Nocam teachers lacked guidance and direction. Even their direct supervisors—the school principals—lacked the appropriate pedagogical theory, and therefore were not a source of assistance or guidance. As one teachers explained:
"I've really had to depend just on myself with all this. It's like I've been left out on this island, all alone ... no guidance, no support, no validation ... it's been pretty much a sink or swim situation ... I still don't know which I'm doing...."

Nocam principals viewed their role primarily as that of "facilitator." Although these administrators encouraged their kindergarten through third grade faculty to "use whole language, cooperative learning, and developmentally appropriate practices," neither they nor the district superintendent provided teachers with concrete suggestions for implementing the techniques or improving their teaching. This task, according to the principals, was "left to the experts," who were brought in to provide in-service training throughout the school year.

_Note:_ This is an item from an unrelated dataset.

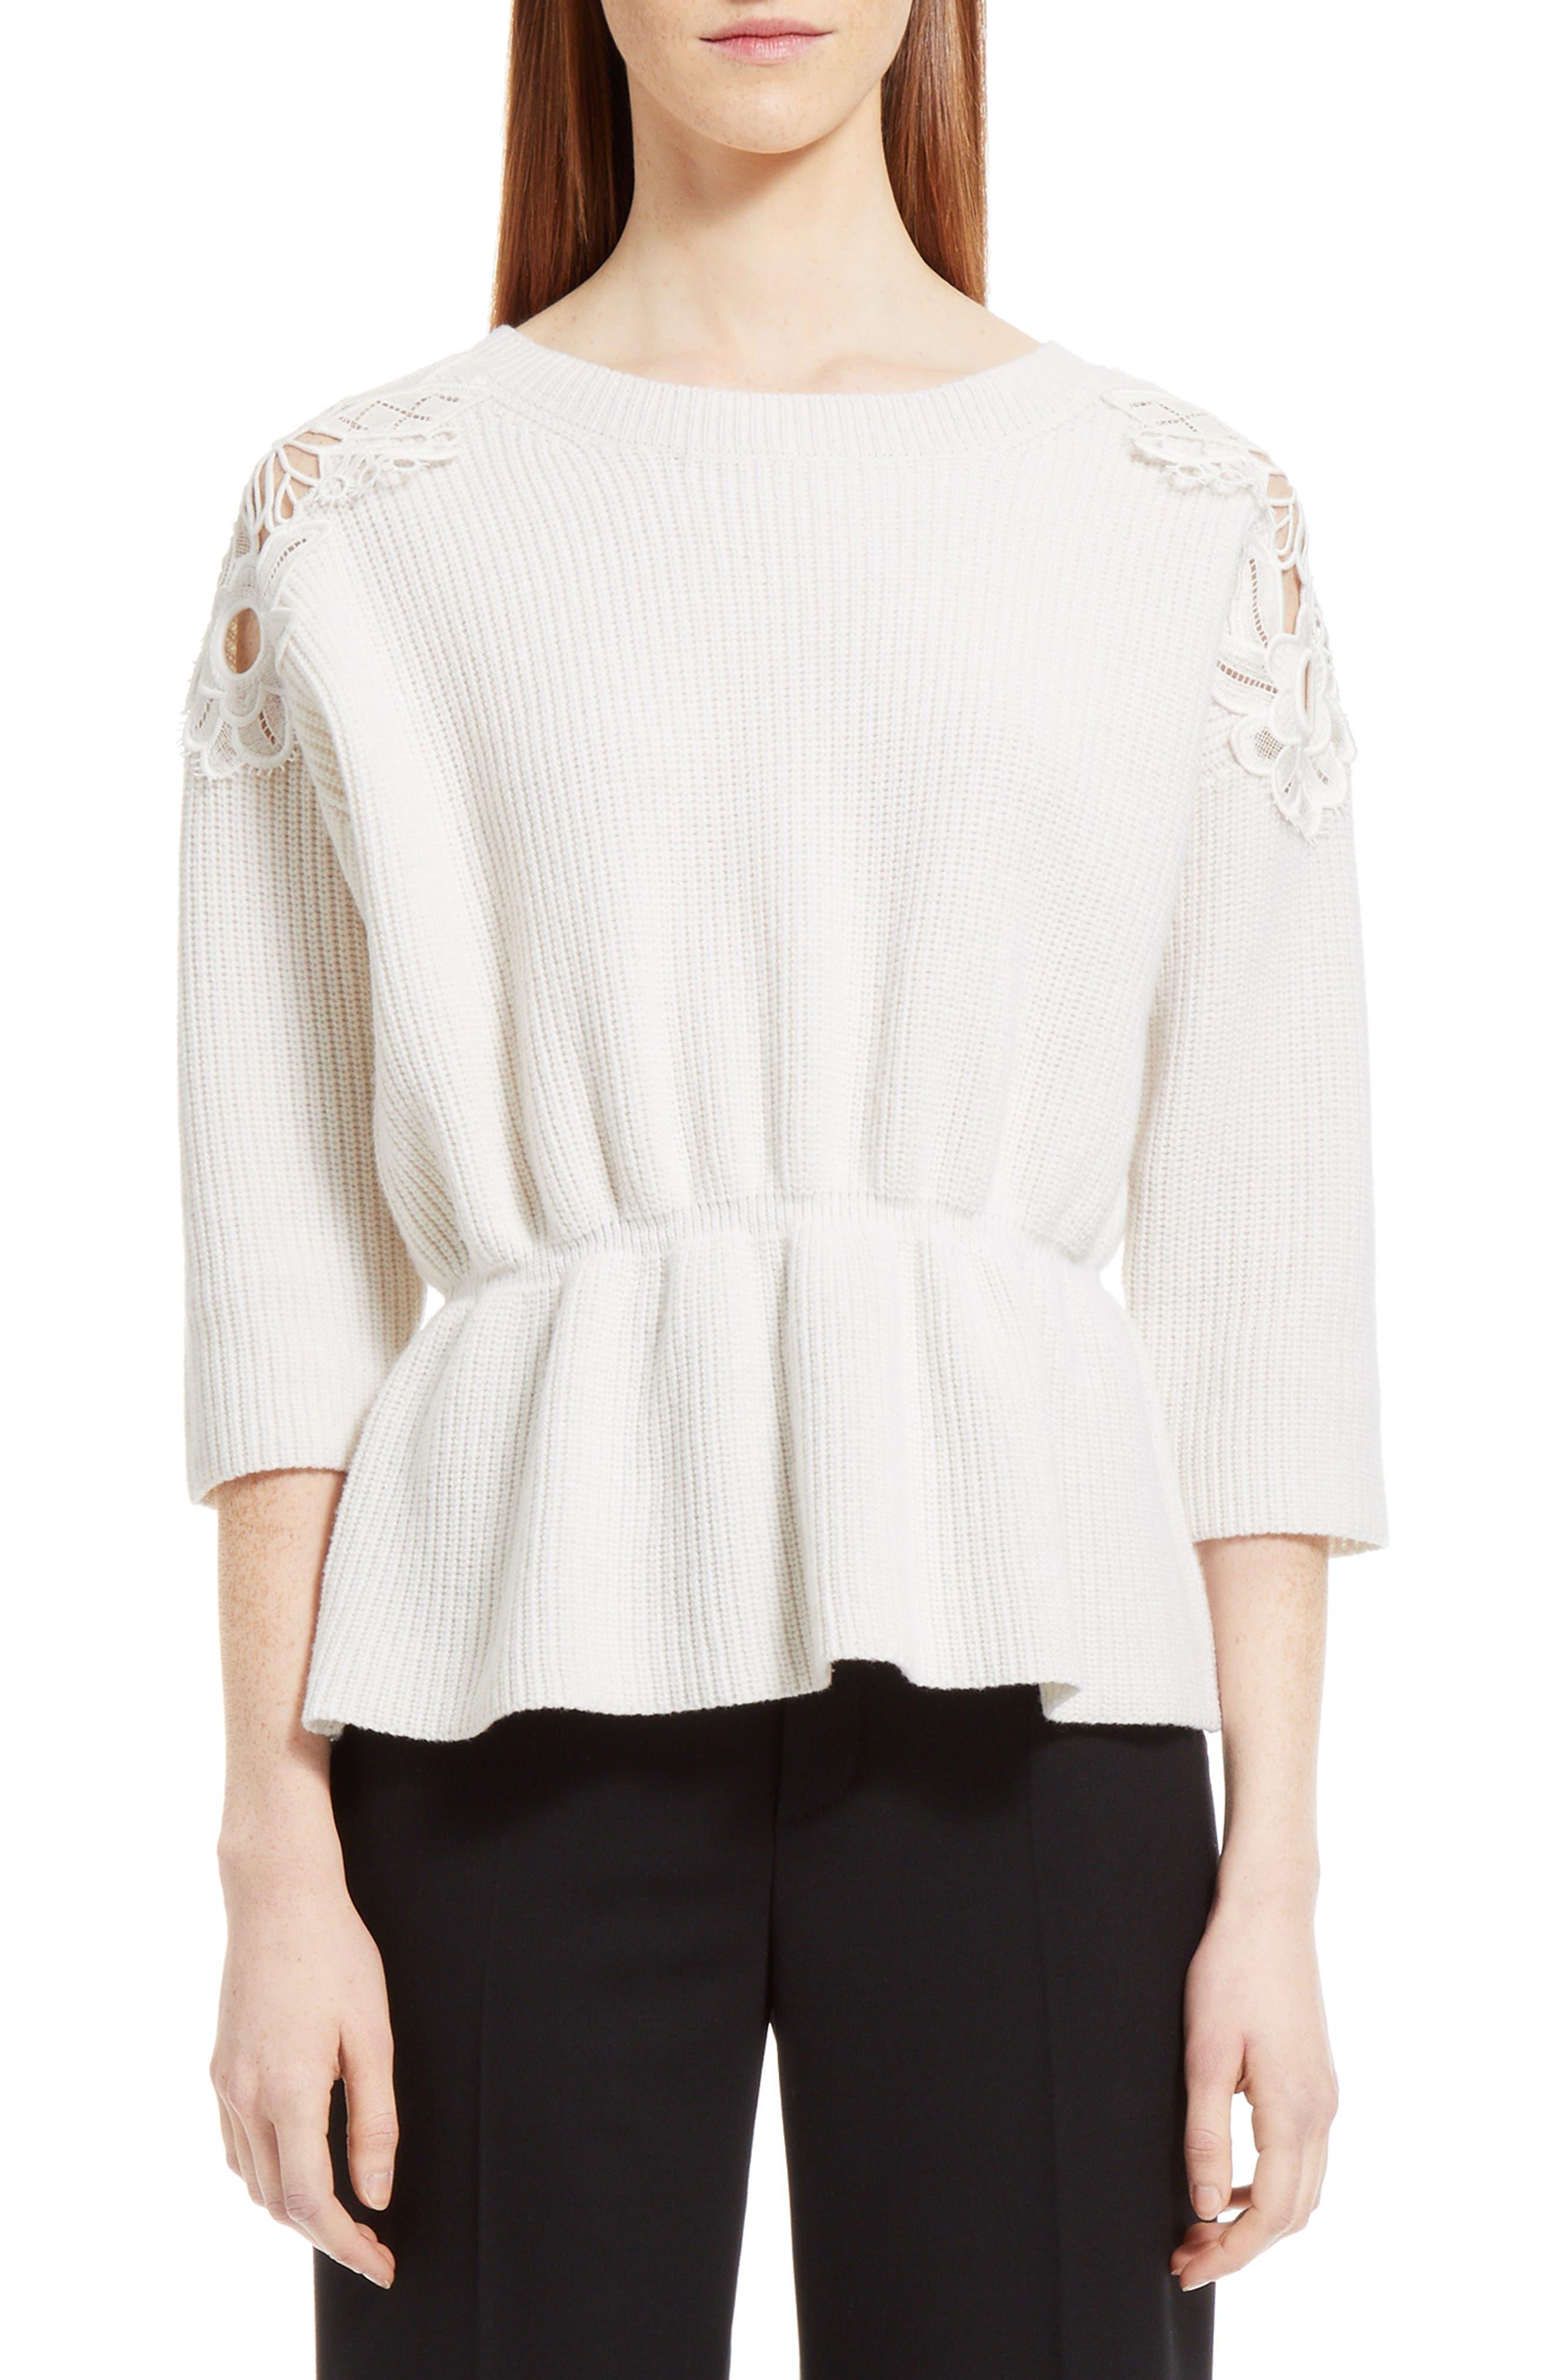 Main Image - Chloé Lace Trim Merino Wool & Cashmere Sweater

The K-3 Project teachers managed to convince the district administration that it was unfair for teachers to be evaluated on their use of traditional teaching techniques when the K-3 Project relied so heavily on the use of nontraditional approaches. After three years of requesting, and largely in response to the requests of the K- 3 Project coordinator, Nocam teachers were given a choice of being evaluated based on the standards of the "traditional teacher evaluation" instrument or based on the standards of a "whole language evaluation" instrument, recently developed by the district administration.

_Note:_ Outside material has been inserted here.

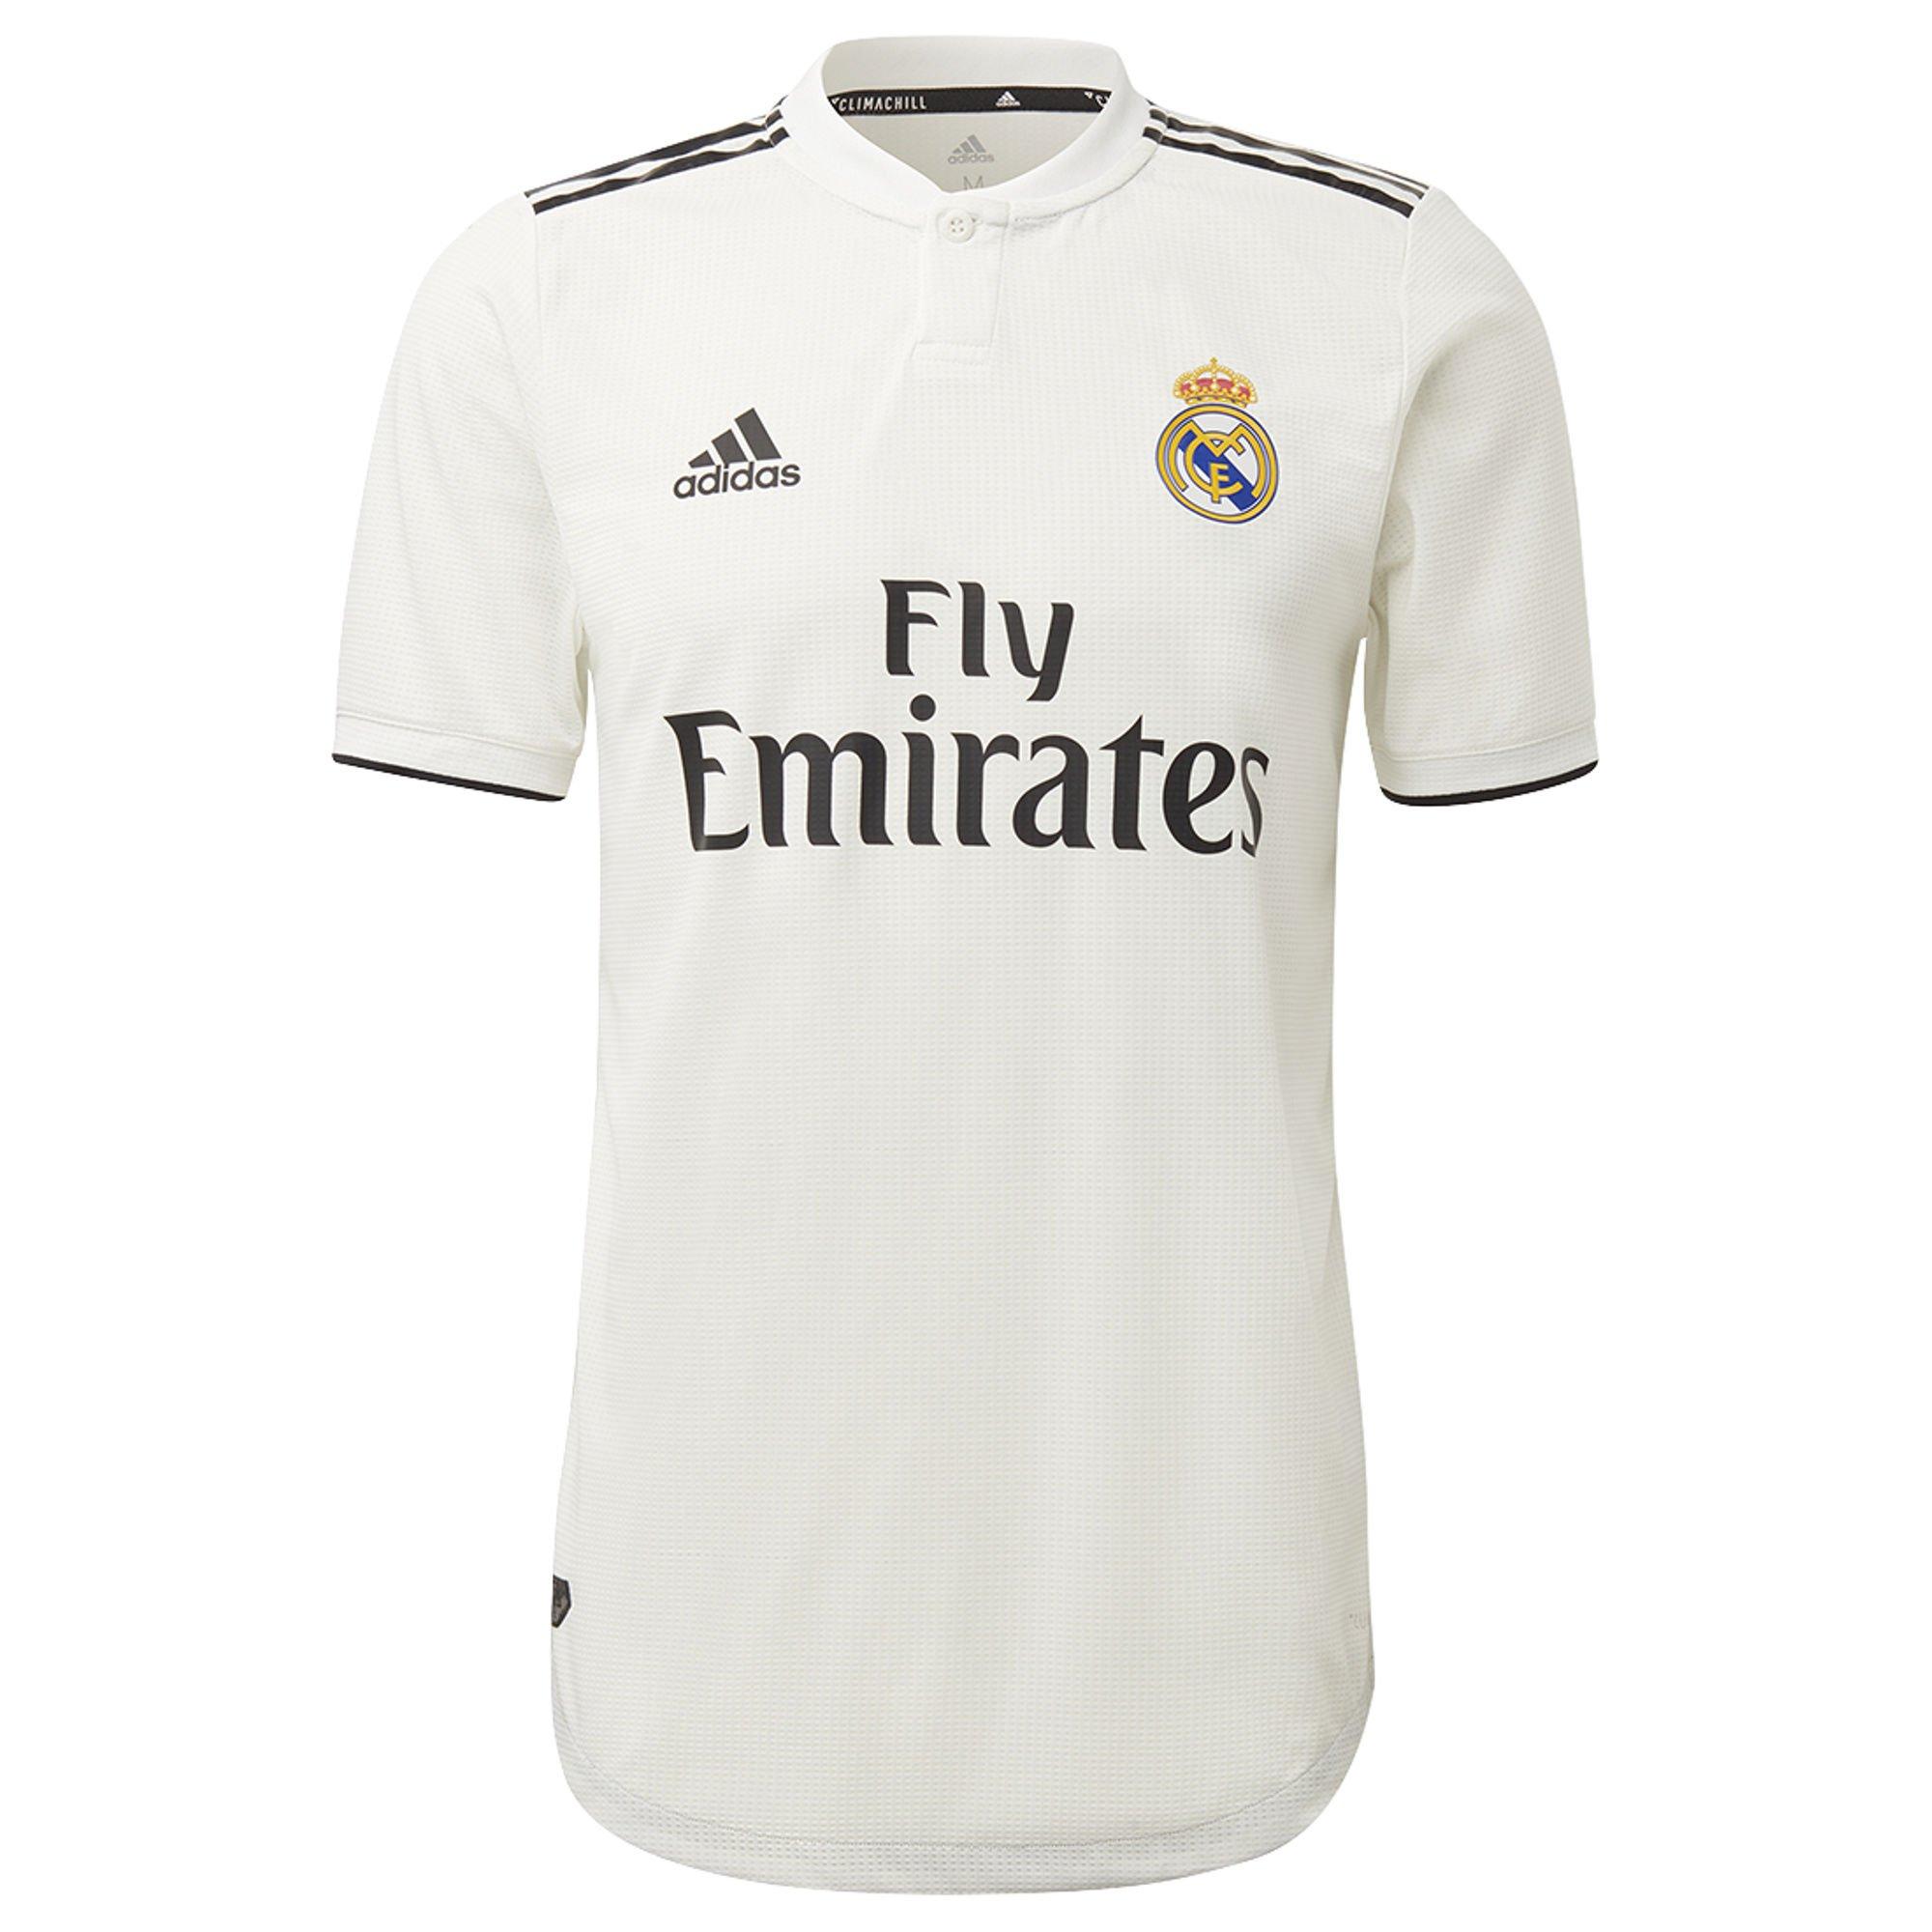 adidas Real Madrid adizero Thuisshirt 2018-2019

Both instruments assessed the same general categories of performance: classroom management, communication skills, instructional capabilities and materials, planning and organizational skills, compliance with school policies, and professional qualities. The whole language instrument, however, was much more extensive than the traditional instrument. The traditional evaluation instrument contained a total of five criteria per category which teachers could "exceed," "meet," or against which they could be judged "average" or "failed to meet." The whole language instrument contained twenty different criteria per category, which teachers could "exceed," "meet," or with respect to which they could be found "adequate" or "inadequate."

Technically, teachers had a choice in the evaluation matter; practically they did not. Neither the district evaluator nor the principals were adept in using the nontraditional instrument. As a result, though a fair number of teachers requested that the new instrument be used, only one teacher was actually assessed with it. The process was described by the teacher as "a disaster."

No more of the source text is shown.